##### Entries supplied #####
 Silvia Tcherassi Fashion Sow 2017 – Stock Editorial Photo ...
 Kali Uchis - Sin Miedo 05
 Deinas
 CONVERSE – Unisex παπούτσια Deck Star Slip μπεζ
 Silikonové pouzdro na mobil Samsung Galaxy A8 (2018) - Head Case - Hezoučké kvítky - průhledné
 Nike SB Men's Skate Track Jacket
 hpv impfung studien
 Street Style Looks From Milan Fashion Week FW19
#####
◆ About this exercise
Print all of the data exactly as it stands above.

◆ Exercise answer
 Silvia Tcherassi Fashion Sow 2017 – Stock Editorial Photo ...
 Kali Uchis - Sin Miedo 05
 Deinas
 CONVERSE – Unisex παπούτσια Deck Star Slip μπεζ
 Silikonové pouzdro na mobil Samsung Galaxy A8 (2018) - Head Case - Hezoučké kvítky - průhledné
 Nike SB Men's Skate Track Jacket
 hpv impfung studien
 Street Style Looks From Milan Fashion Week FW19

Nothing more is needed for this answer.